Figure 10 Decay times of the primary peaks as a function of the heliocentric distance.

4.5 Antenna-induced asymmetry

We studied the amplitudes of individual primary peaks in order to compare them to the theoretical predictions of Sect. 3.3.1. We only analyzed the events that show no secondary peak in any channel. In parallel to Fig. 6, ratios of channel pairs are shown in the histogram in Fig. 11. The histogram does not show data with the ratio >2.2, and as a result, 5 of 327 values are not shown. Similarly to the results of the numerical model shown in Fig. 6, values <0.5 are rare, as are the values ≳ 2, which implies that the process as described in Sect. 3.3.1 is a good model for the situation, as it explains the magnitude of observed asymmetry.

Figure 11 Antenna-induced asymmetry to the primary peak's amplitude.

5 Statistical analysis of the secondary peak

An important proportion of the impacts (≈50 %) shows a clear double-peak structure, while even more are compatible with the double-peak structure. The secondary peaks' prominent features include the following:

• strong asymmetry in the three channels,

• intermittent presence,

• variable but pronounced delay with respect to the primary peak.

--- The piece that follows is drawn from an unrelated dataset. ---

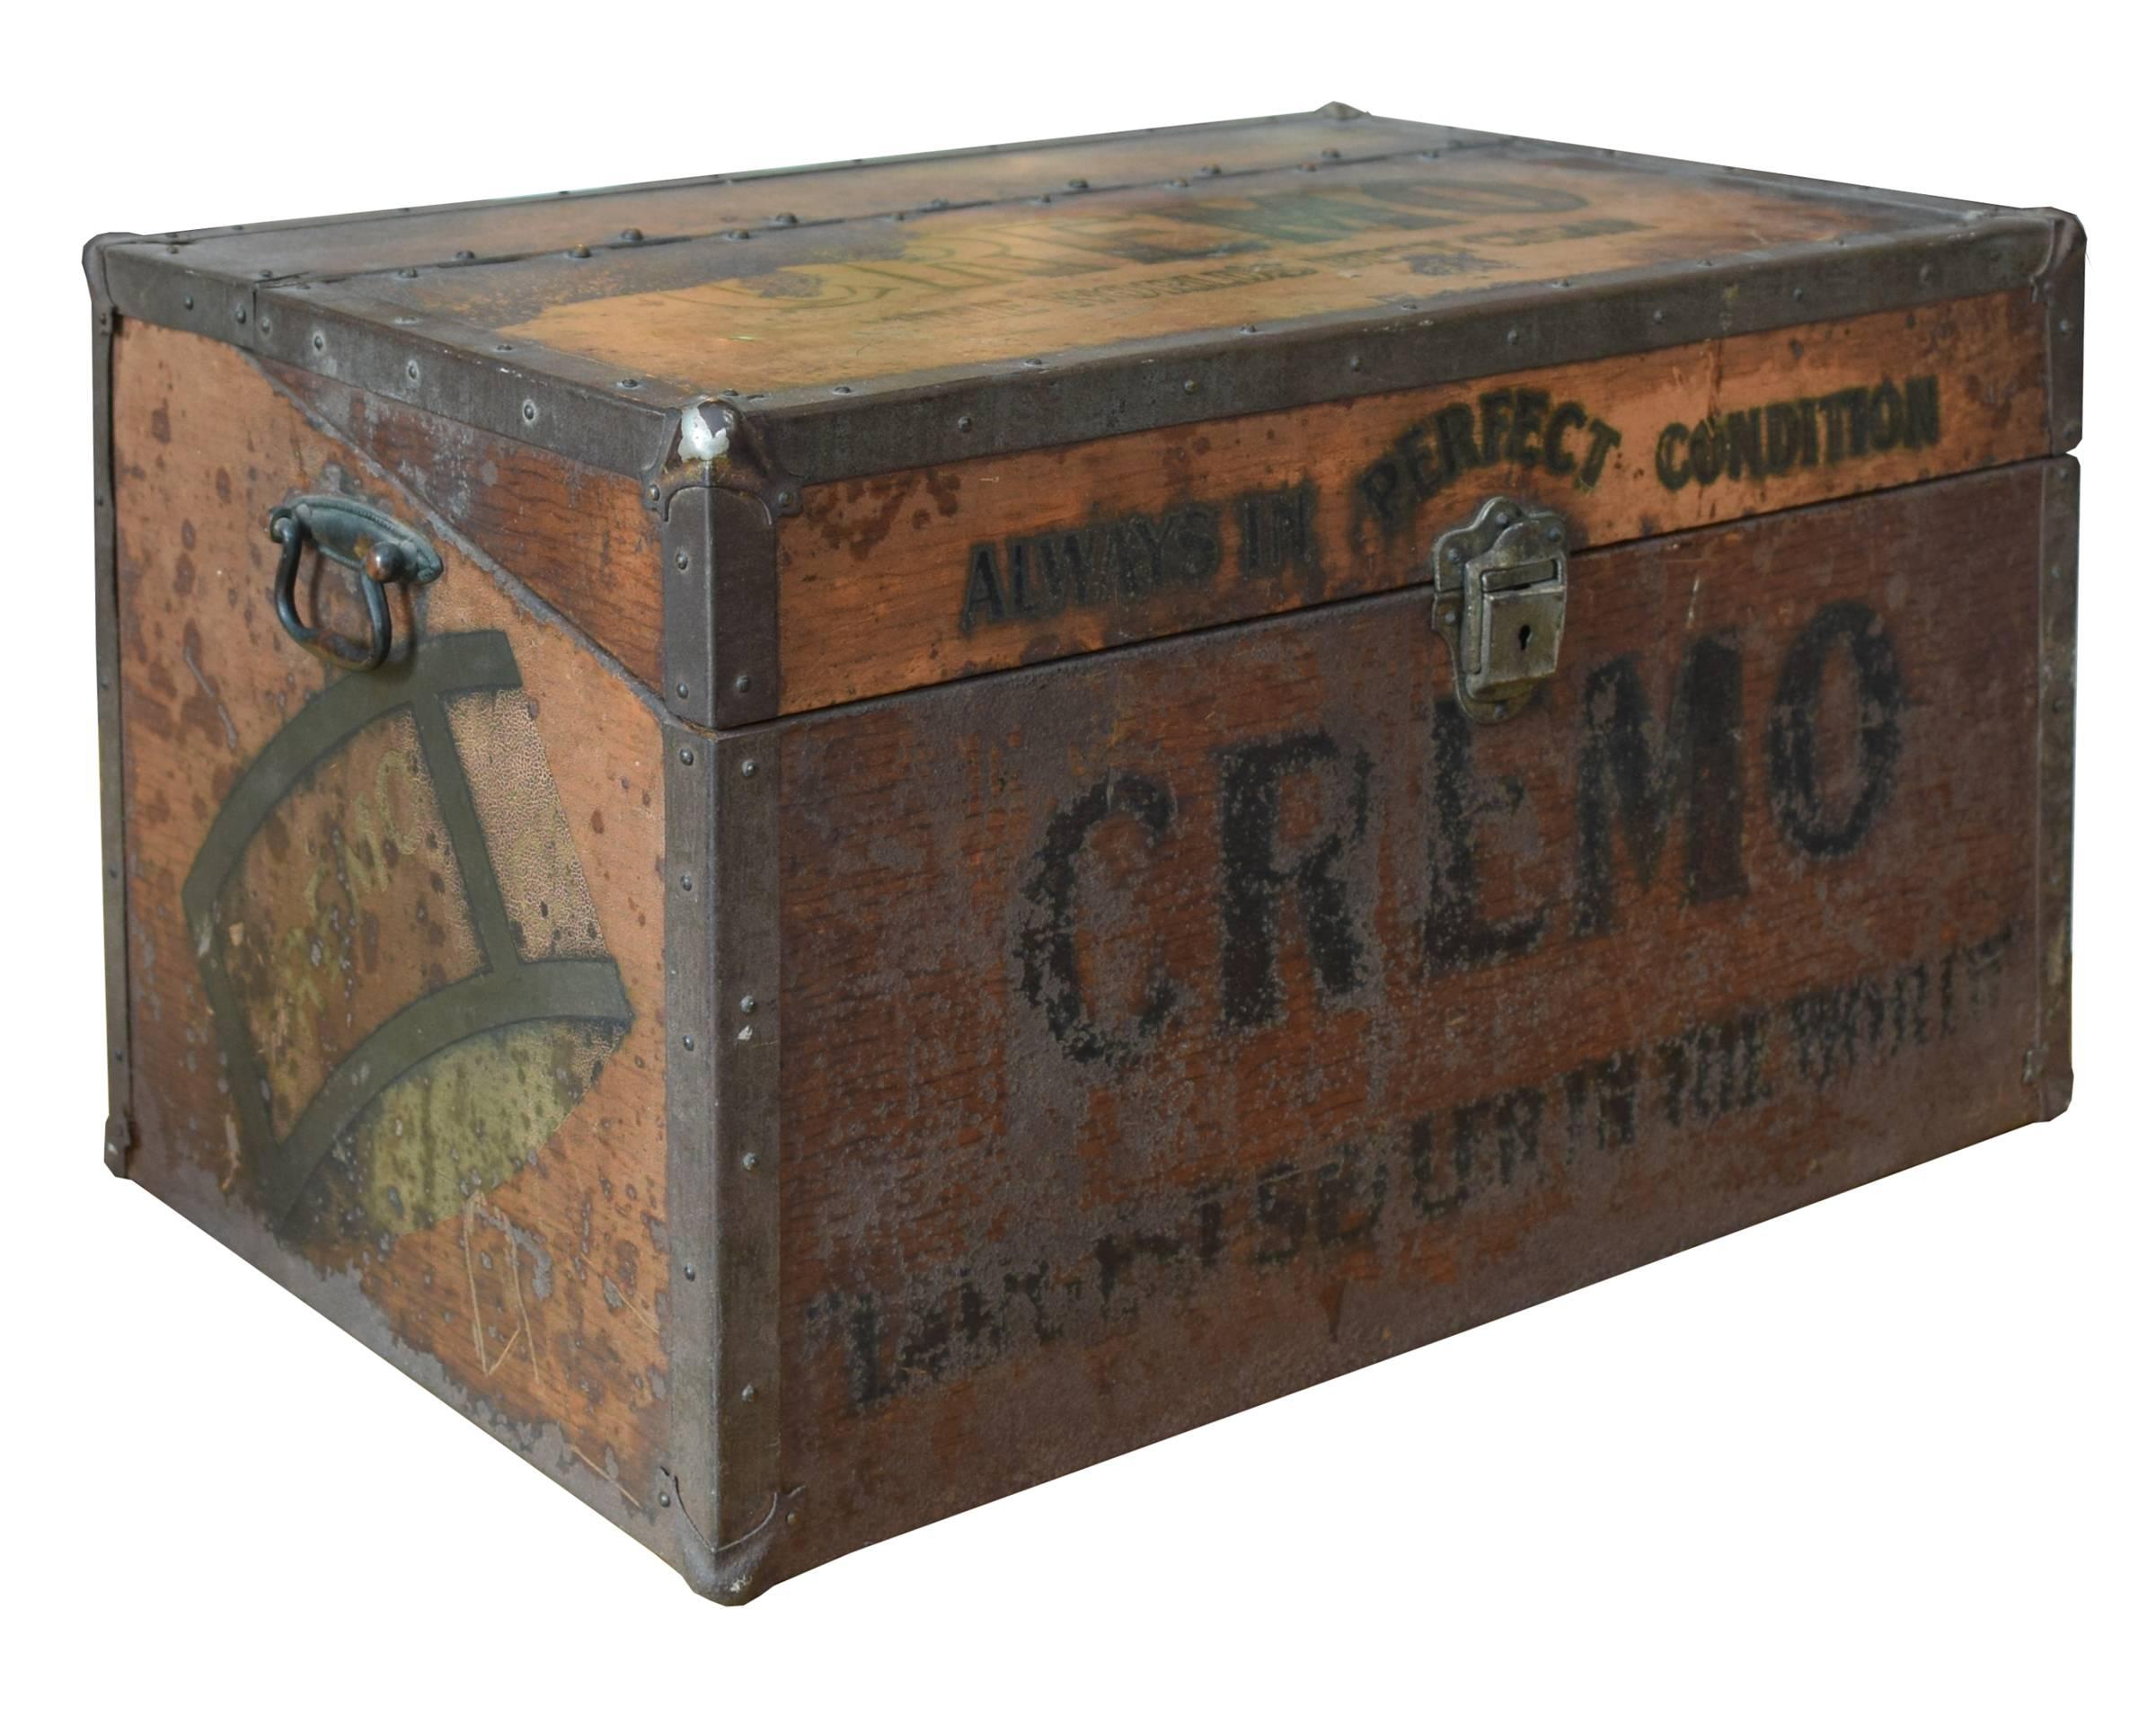 Early 20th century cigar humidor. The top reads

The first point leads to the conclusion that the process causing secondary peaks mainly takes place on the antennas, rather than on the spacecraft body. This implies that, in the process, the affected antenna is charged more positively. The latter two points imply that the effect relies on a drift of the cations. In this section, we describe statistical properties of the identified secondary peaks.

5.1 Delays

The typical delay lies in the range of 100 µs to 300 µs; see the histogram in Fig 12. The secondary peak's delay varies, nearly uncorrelated with the peak's amplitude or the spacecraft's heliocentric distance; see Figs. 13 and 14. This time is too long to correspond to charge generation, collection, or even equalization due to ambient plasma currents, as we described all of these earlier, and they happen within ≲150 µs.

Figure 12 Histogram of the strongest secondary peak's delay against the primary peak.

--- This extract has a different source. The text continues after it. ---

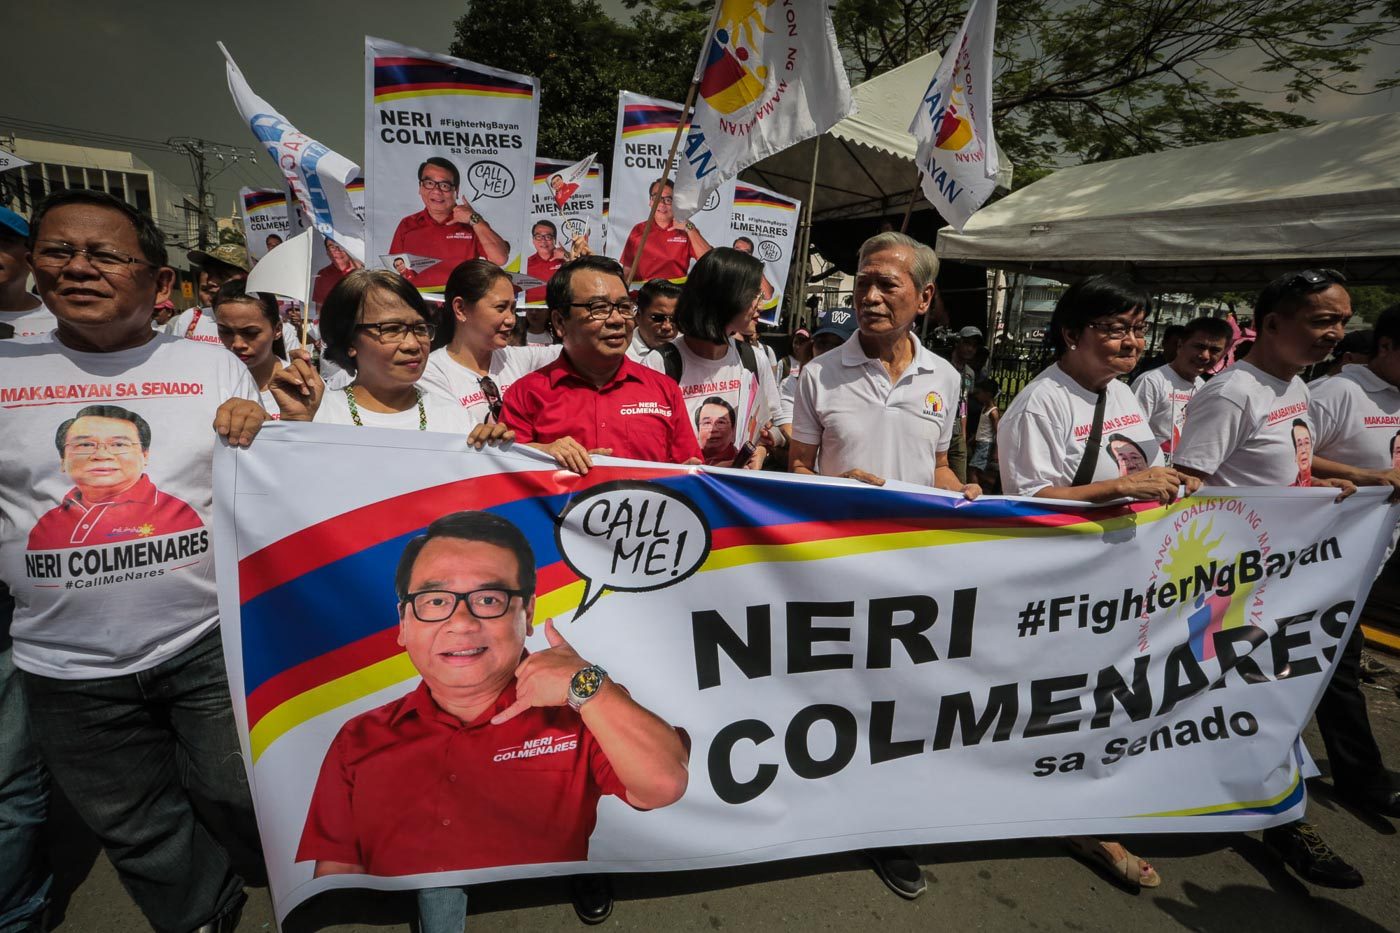 SECOND TRY. Supporters of Neri Colminares gather outside the Comelec office in Manila during the filing of Certificates of Candidacy on October 11, 2018. Photo by Jire Carreon/Rappler

Assuming the ion velocity of 10–20 km s⁻¹ as before, the time delay of 100 to 300 µs translates to 1–6 m of displacement. We note that the Solar Orbiter's heat shield's size is approximately 2.4×3.1 m², and the antennas are 6.5 m long. We therefore conclude that this delay is due to ion motion, since it is the only electric process that happens on this timescale. The fact that no important variation is observed in Fig. 14 suggests that the ion velocity does not vary with the heliocentric distance.

Figure 13 Strongest secondary peak's delay against the primary peak as a function of its amplitude.

We note that the delay of 100 to 300 µs is far enough for the cloud to get shielded by the photosheath, due to its high electron number density (compare with values shown in Figs. 7 and 8). However, the photosheath decays with the distance from the illuminated surface rather quickly, with the typical Debye length of 0.25 m close to Solar Orbiter's perihelia and 1 m close to 1 AU (Guillemant et al., 2013). We therefore come to a conclusion that at least a part of the impact cloud passes through the photosheath (consult Appendix G), and this cloud later influences the antennas. We also note that the photosheath is not uniform and weaker at places that are less illuminated, such as spacecraft sides.

Figure 14 Strongest secondary peak's delay against the primary peak as a function of the spacecraft's heliocentric distance.

The delay does not show variation with the peak absolute amplitude (Fig. 13), but it shows a weak correlation with the amplitude relative to the primary peak amplitude, as is shown in Fig. 15. The primary peak's amplitude is a good measure of the total charge released on the impact, and since we study the secondary peak as a random process, normalization to the impact magnitude is natural.

Figure 15 Strongest secondary peak's delay against the primary peak as a function of the strongest secondary peak's amplitude relative to the primary peak.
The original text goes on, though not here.